Please advise me on what you think I should dose and how often & what my water parameters should be. Thanks

ICEMAN!
















View attachment 110210

View attachment 110211


----------



## kirch24 (Apr 14, 2006)

sounds like you know what your doing


----------



## ICEMAN330824 (May 30, 2006)

kirch24 said:


> sounds like you know what your doing


lol. I guess but I still need some of these guys on here with the beautiful planted tanks to give me some advice on how to dose etc. Thanks tho.

Iceman!


----------



## ICEMAN330824 (May 30, 2006)

COME ON GUYS NO ADVISE FROM THE PLANTED TANK EXPERTS?









ICEMAN!


----------



## DiPpY eGgS (Mar 6, 2005)

> -10lbs of Plant fert mixed in with sand


^^that doesn't sound too good.. what did you use? 


> Dual Actinic 420
> nanometer and 460 nanometer bulbs]


what is that?
if you are using actinic bulbs, They are for reef tanks


> 9 watt Turbo Twist UV light & Powerhead running at 120gph


some have issues with micro nutrients while running u/v filters in their planted tanks.. but it might be better you have it on there since you put some kind of fertilizer in with the sand..


> I do a 10-15% water change once a week with R/o water.


ok to use r/o water, but I would up the % to at least 40% water change per week, as soon as you start dosing good
You didn't post 2 of the most crucial water params--nitrAtes, and phosphates. 10-25ppm, and .5-2ppm perspectively.
try to eyeball potassium around 15-20ppm, iron is ok(dose more if the plants get a white look to them)
CO2 needs to be @ 30-40ppm

I will say that you still have plants that are not true aquatic plants in your tank. AKA Mondo grass, and that sword looking plant with white on it's leaves. 
Im going to say it again, I would remove those plants ASAP and get a refund from where you bought them so you can get real aquatic plants in there..

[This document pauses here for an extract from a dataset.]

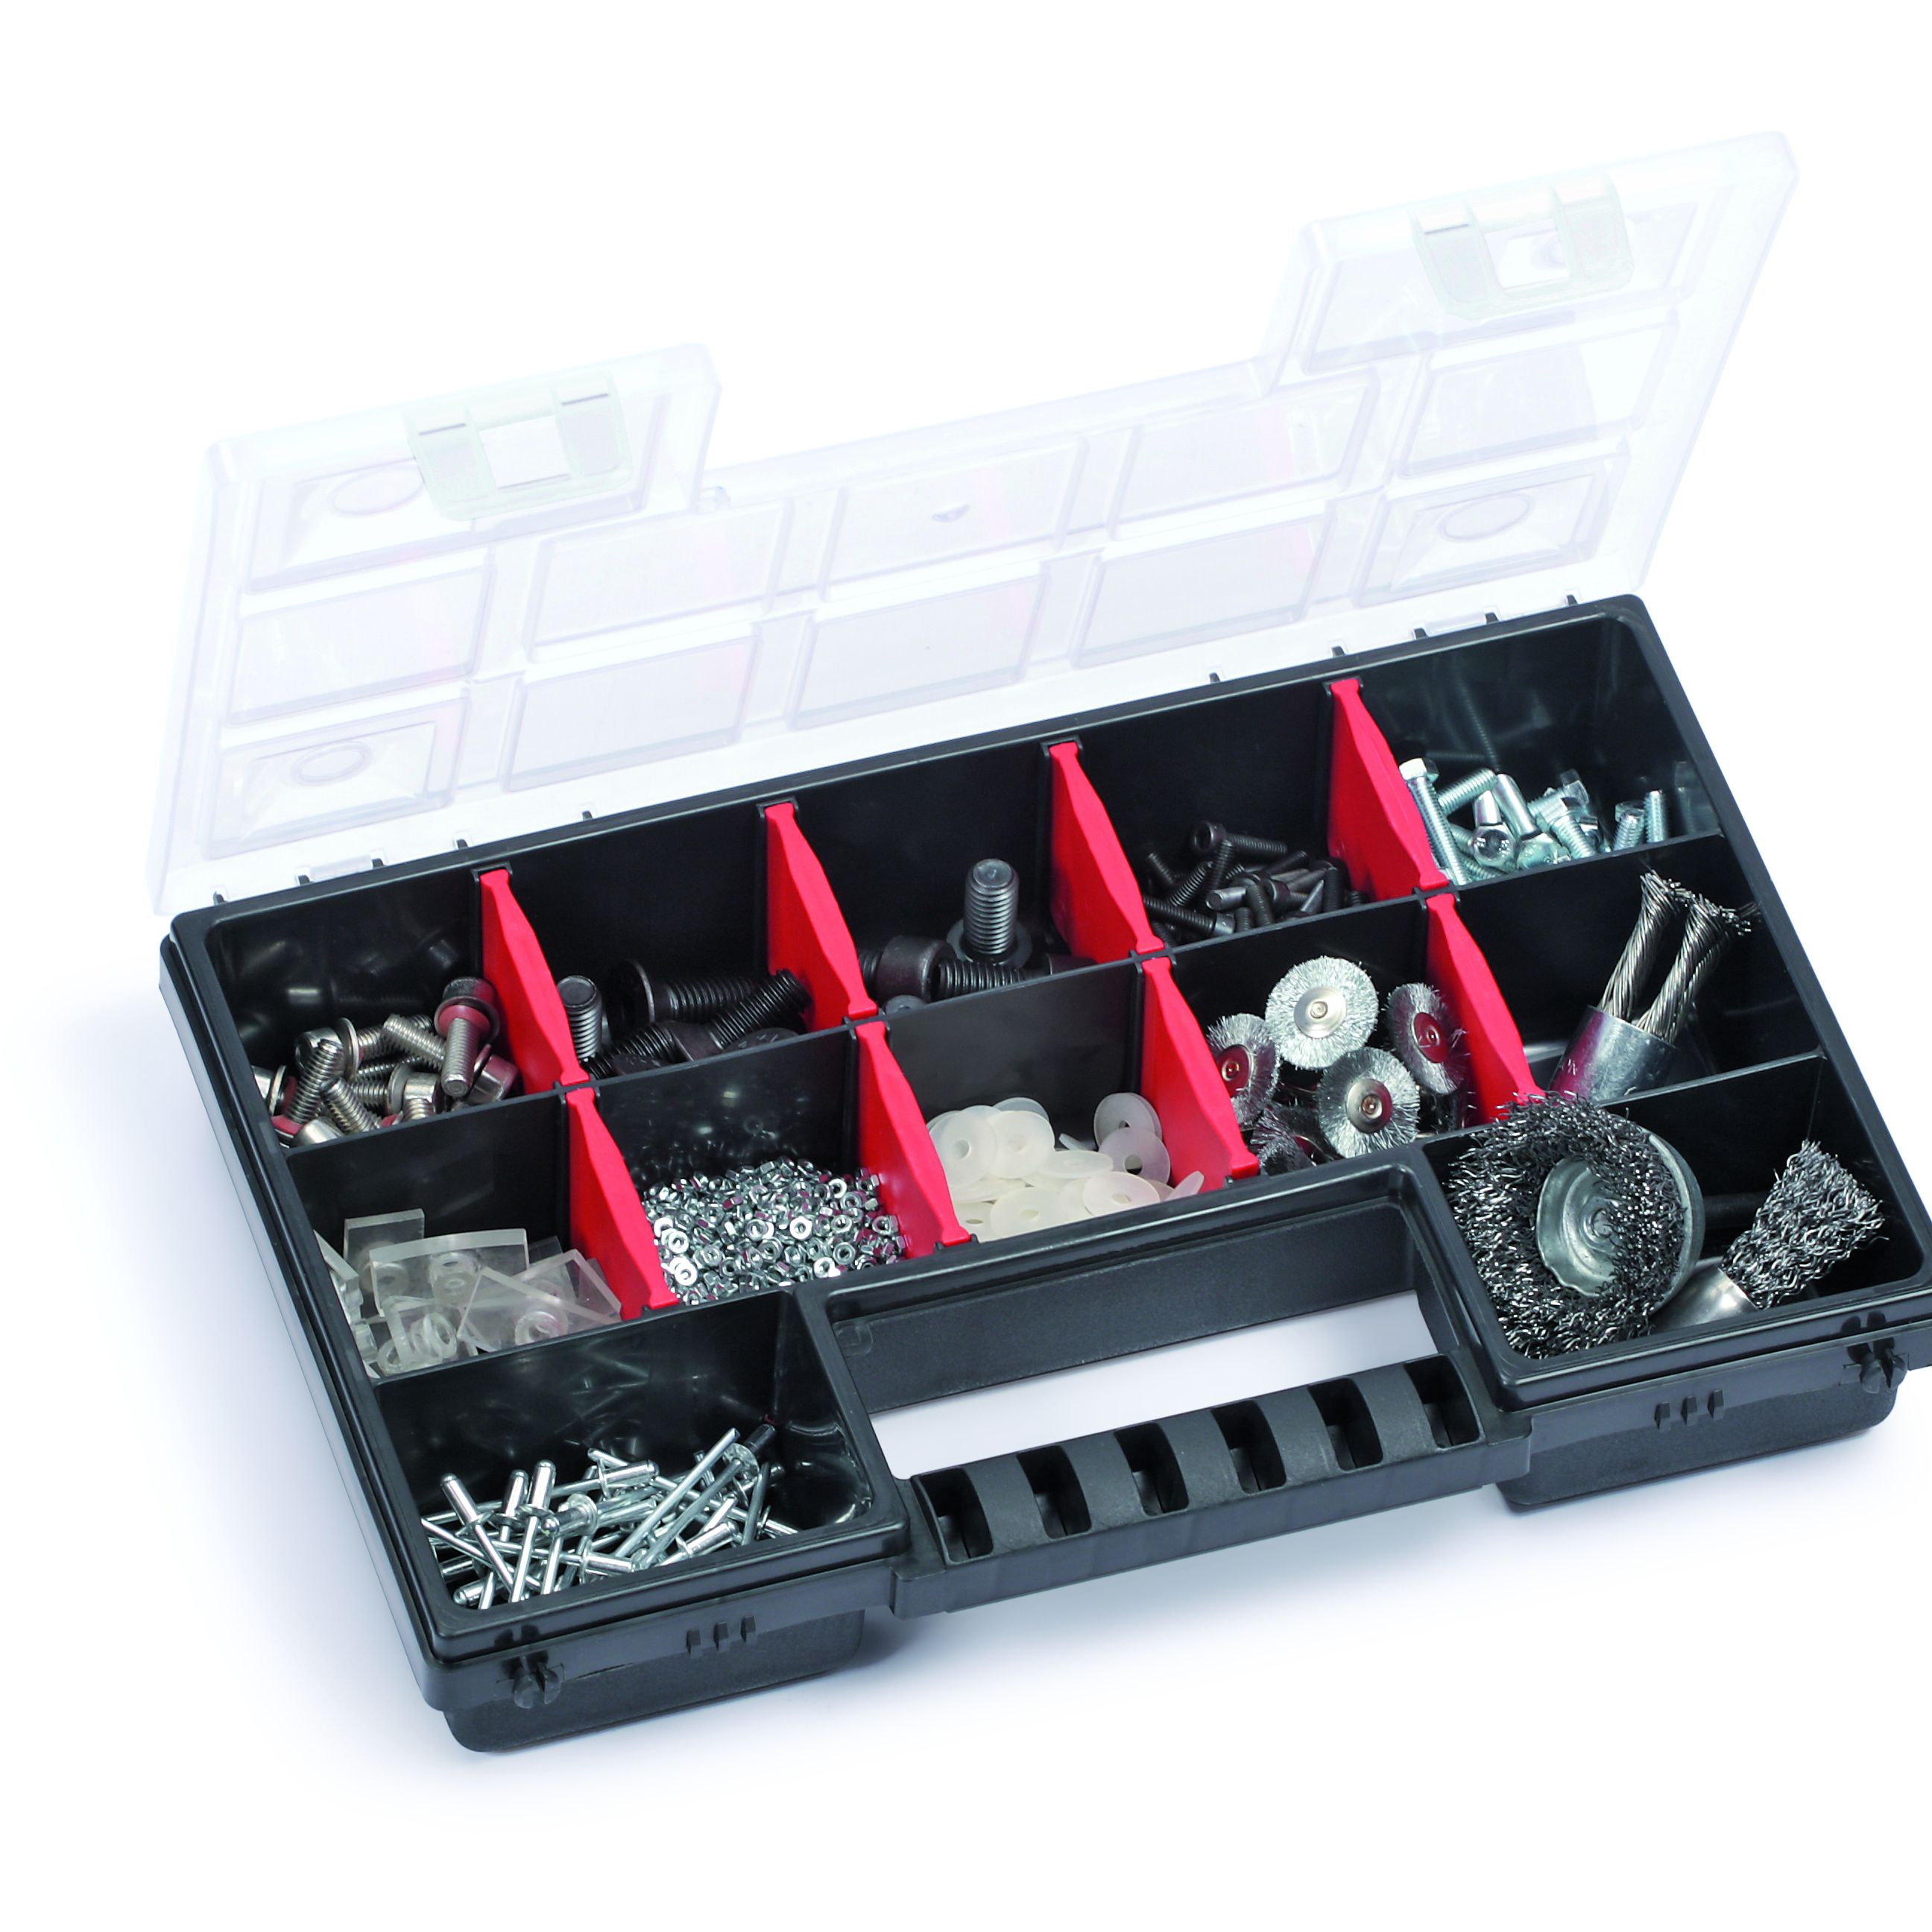 Performance Power Black Organiser with 12 compartment

You also need to get *more plant mass* in the tank ASAP. Especially fast growers. Plants do much better when there are more of them in the tank.
I also think that for your setup, you should think about getting pressurized CO2 in the near future. 
You have a lot of good light, (as long as there are no actinic bulbs) and CO2 is a must for that --again 30-40ppm

There is my .02$


----------



## ICEMAN330824 (May 30, 2006)

DiPpY eGgS said:


> > -10lbs of Plant fert mixed in with sand
> 
> 
> ^^that doesn't sound too good.. what did you use?
> ...


OK THANKS FOR YOUR ADVICE & $.02 LOL. I WILL REVIEW THESE THINGS YOU BROUGHT UP TO MY ATTENTION. ESPECIALLY THE NITRATES/PHOSTFATES/POTASSIUM LEVELS, ILL POST THEM TONIGHT. THE FERT THAT IS IN THERE WITH THE SAND IS CALLED "Eco-Complete Plant Substrate" GOOD STUFF I HEARD. I GUESS I NEED TO TAKE OFF THE ACTNIC LIGHT AND PUT IN ANOTHER DAY BULB IN REPLACMENT OF IT. ILL ALSO LOOK INTO FINDING SOME MORE SMALLER PLANTS THAT GROW FAST. HOPEFULLY SOME GRASSY PLANTS. THANKS DIPPY AGAIN!

ICEMAN!


----------



## killerbee (Aug 18, 2004)

Got your Pm, here are some of my thoughts.

Also Dippy is the man to go to he know his aquatic plants and the neccessary









Eco complete is great i use the same stuff in my tank mixed with sand and it works great. If i were you though i would of did a 1/2 and 1/2 mix though.

Actnic light are said not to be good for p's. IME nor for plants i tried them as i liked the purple look but it just created algae.

UV light: work nice ime again, but as dippy said some people don't like it because of said micro nutrients killer. But i have mine on 24/7.

Lights: Your combo of 67K and 10K is sweet i had the same setup but decided to just use 67K only as i like the look. The 10K are way too bright and does not show the beauty of my black sand as the 67K do. And i only have mine on for a period of 8hrs but i have low light plants.

Don't have experience with ro water. But doing weekly changes is always good.


----------



## ICEMAN330824 (May 30, 2006)

killerbee said:


> Got your Pm, here are some of my thoughts.
> 
> Also Dippy is the man to go to he know his aquatic plants and the neccessary
> 
> ...


THANKS MAN! GOOD STUFF. I WILL BE BUYING ANOTHER BULB TO SWITCH OUT FOR THE ACTNIC ONE.


----------